NOSQL – GET consistency (and quorum) in Elasticsearch

I am new to ElasticSearch and I am evaluating for a project.

In ES, replication can be synchronous or asynchronous. In the case of asynchronous Next, as long as the document is written to the main shard, the client will return success. Then the document is pushed asynchronously to other replicas.

When writing asynchronously, how do we ensure that when the GET is completed, even if the data is not Propagated to all replicas, data will also be returned. Because when we perform GET in ES, the query will be forwarded to one of the replicas of the corresponding shard. If we write asynchronously, the main shard may have documents, but it is used to perform GET The selected copy of may not yet receive/write the document. In Cassandra, we can specify the consistency level (ONE, QUORUM, ALL) when writing and reading. Is it possible to read in ES?

Yes, you can set replication to asynchronous (synchronous by default) so as not to wait for a copy, Although this will not help you much in practice.

Whenever you read data, you can specify the preference parameter to control where the document is taken from. If You use the preference: _primary, please make sure to always fetch the document from the primary shard, otherwise, if the fetching is completed before the document is available on all copies, you may encounter shards without it. However. Given that the get api works in real time, It usually makes sense to keep the replication in sync, so that after the indexing operation returns, you can always return the document by id from any shard that should contain it. Nevertheless, if you try to retrieve the document the first time you index the document , Then you may find that it did not find it.

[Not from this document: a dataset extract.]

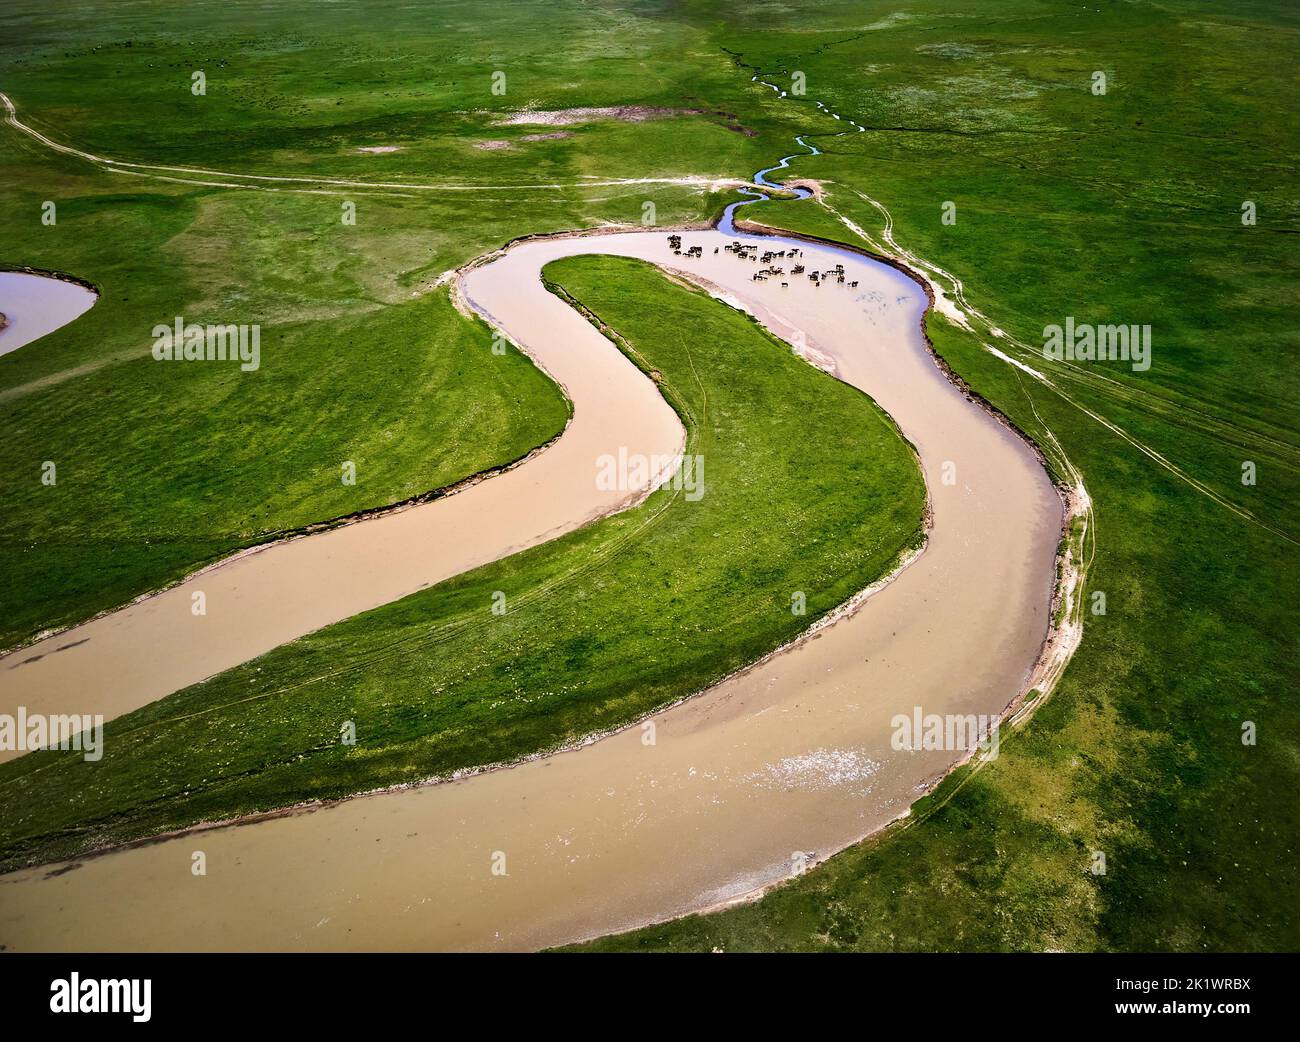 Herd of horses drink water from the river. Aerial drone shot of beautiful scenery curve river Kegen with green hills in Mountain valley, Kazakhstan. Stock Photo
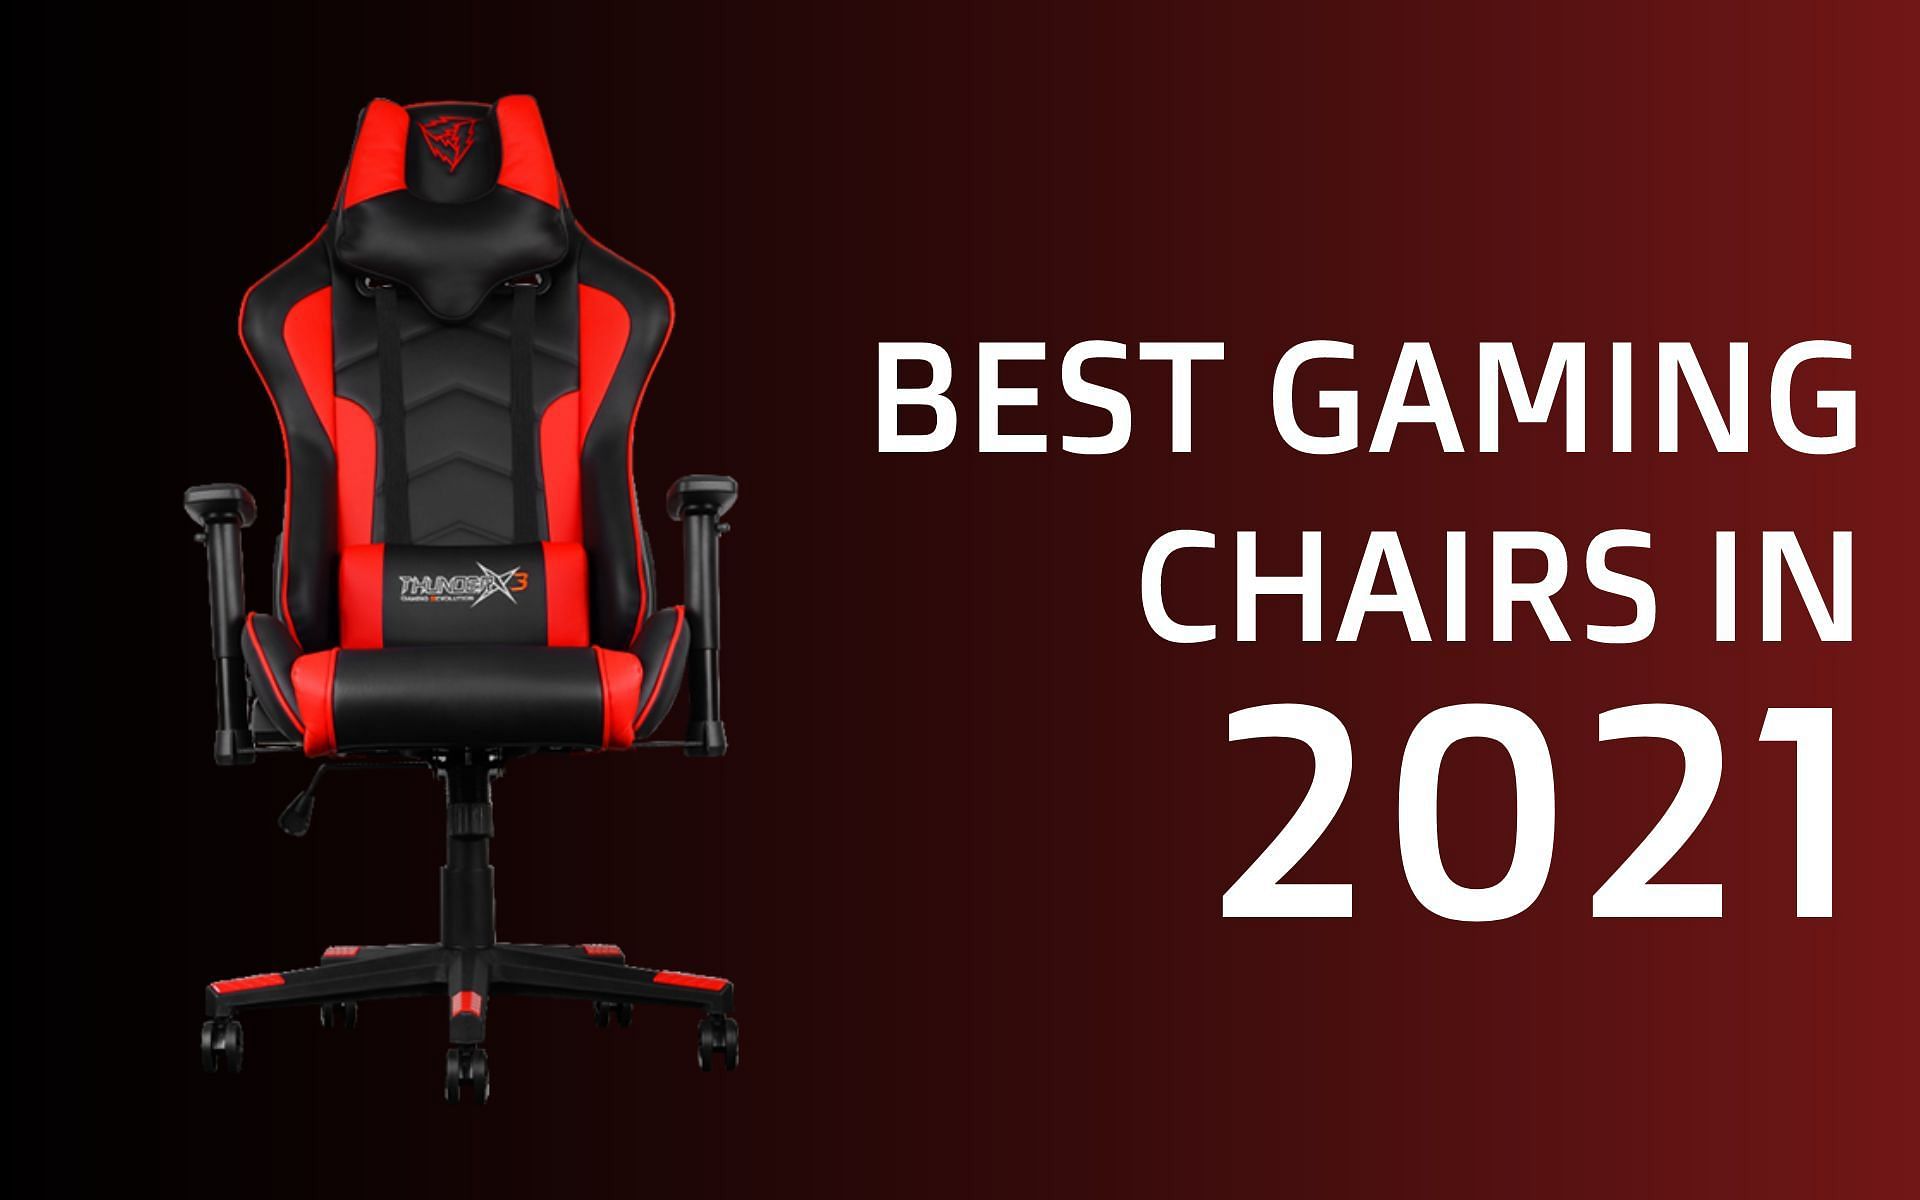 The best gaming chairs to get in 2021 (Image by Sportskeeda)

There is also a write consistency parameter in elasticsearch, but it is different from the way other data stores work, and it has nothing to do with whether the replication is synchronous or asynchronous. Use the consistency parameter, You can control how many data copies are needed to allow write operations. If there are not enough data copies available, the write operation will fail (after waiting up to 1 minute, you can change the interval by the timeout parameter). This is just a preliminary check, To decide whether to accept the operation. This does not mean that if the operation fails on the copy, it will be rolled back. In fact, if the write operation fails on the copy but succeeds on the primary database, it is assumed that the copy has an error (or is Running hardware), so the shard will be marked as failed and recreated on another node. The default value of consistency is arbitration, and it can also be set to one or all.

That is, When it comes to get api, elasticsearch is ultimately inconsistent, but only consistent, because once a document is indexed, you can retrieve it.

In fact, newly added documents cannot be searched until the next refresh operation. It happens automatically every second by default, which is actually not final consistency (because the document is there and can be retrieved by id), but more about how search and lucene work and how to make the document visible through lucene.

I am new to ElasticSearch and I am evaluating for a project.

In ES, replication can be synchronous or asynchronous. In the case of asynchronous Next, as long as the document is written to the main shard, the client will return success. Then the document is pushed asynchronously to other replicas.

When writing asynchronously, how do we ensure that when the GET is completed, even if the data is not Spread to all copies and also Return data. Because when we perform a GET in ES, the query will be forwarded to one of the replicas of the corresponding shard. If we write asynchronously, the primary shard may have documents, but the selected replica used to perform the GET may not have been received /Write document. In Cassandra, we can specify the consistency level (ONE, QUORUM, ALL) when writing and reading. Is it possible to read in ES?

Yes, you can set replication to asynchronous (synchronous by default) so as not to wait for copies, although in practice this will not bring you Too much help.

Whenever you read data, you can specify the preference parameter to control where the document is taken from. If you use the preference: _primary, please make sure to always start from the primary Fetch documents in shards, otherwise, if the fetching is completed before the document is available on all copies, you may encounter shards without it. However, given that the get api works in real time, it usually makes sense to keep the replication in sync, so that it is in the index After the operation returns, you can always return the document by id from any shard that should contain it. Nevertheless, if you try to retrieve the document when indexing the document for the first time, you may find that it did not find it. /p>

There is also a write consistency parameter in elasticsearch, but it is different from the way other data stores work. It has nothing to do with whether the replication is synchronous or asynchronous. Using the consistency parameter, you can control how many copies of data are required to allow writing Operation. If there are not enough data copies available, the write operation will fail (after waiting up to 1 minute, you can change the interval by the timeout parameter). This is just a preliminary check to decide whether to accept the operation. This does not mean If the operation fails on the replica, it will be rolled back. In fact, if the write operation fails on the replica but succeeds on the primary database, it is assumed that there is an error in the replica (or the running hardware), so the shard will be marked To fail and re-create it on another node. The default value of consistency is arbitration, and it can also be set to one or all.

That is to say, when it comes to get api, elasticsearch is ultimately inconsistent. But it’s just consistent, because once the document is indexed, you can retrieve it.

In fact, newly added documents cannot be searched until the next refresh operation, which happens automatically once per second by default, which is actually Not final consistency (because the document is there and can be retrieved by id), but more about how search works with lucene and how to make the document visible through lucene.

Leave a Comment

Your email address will not be published.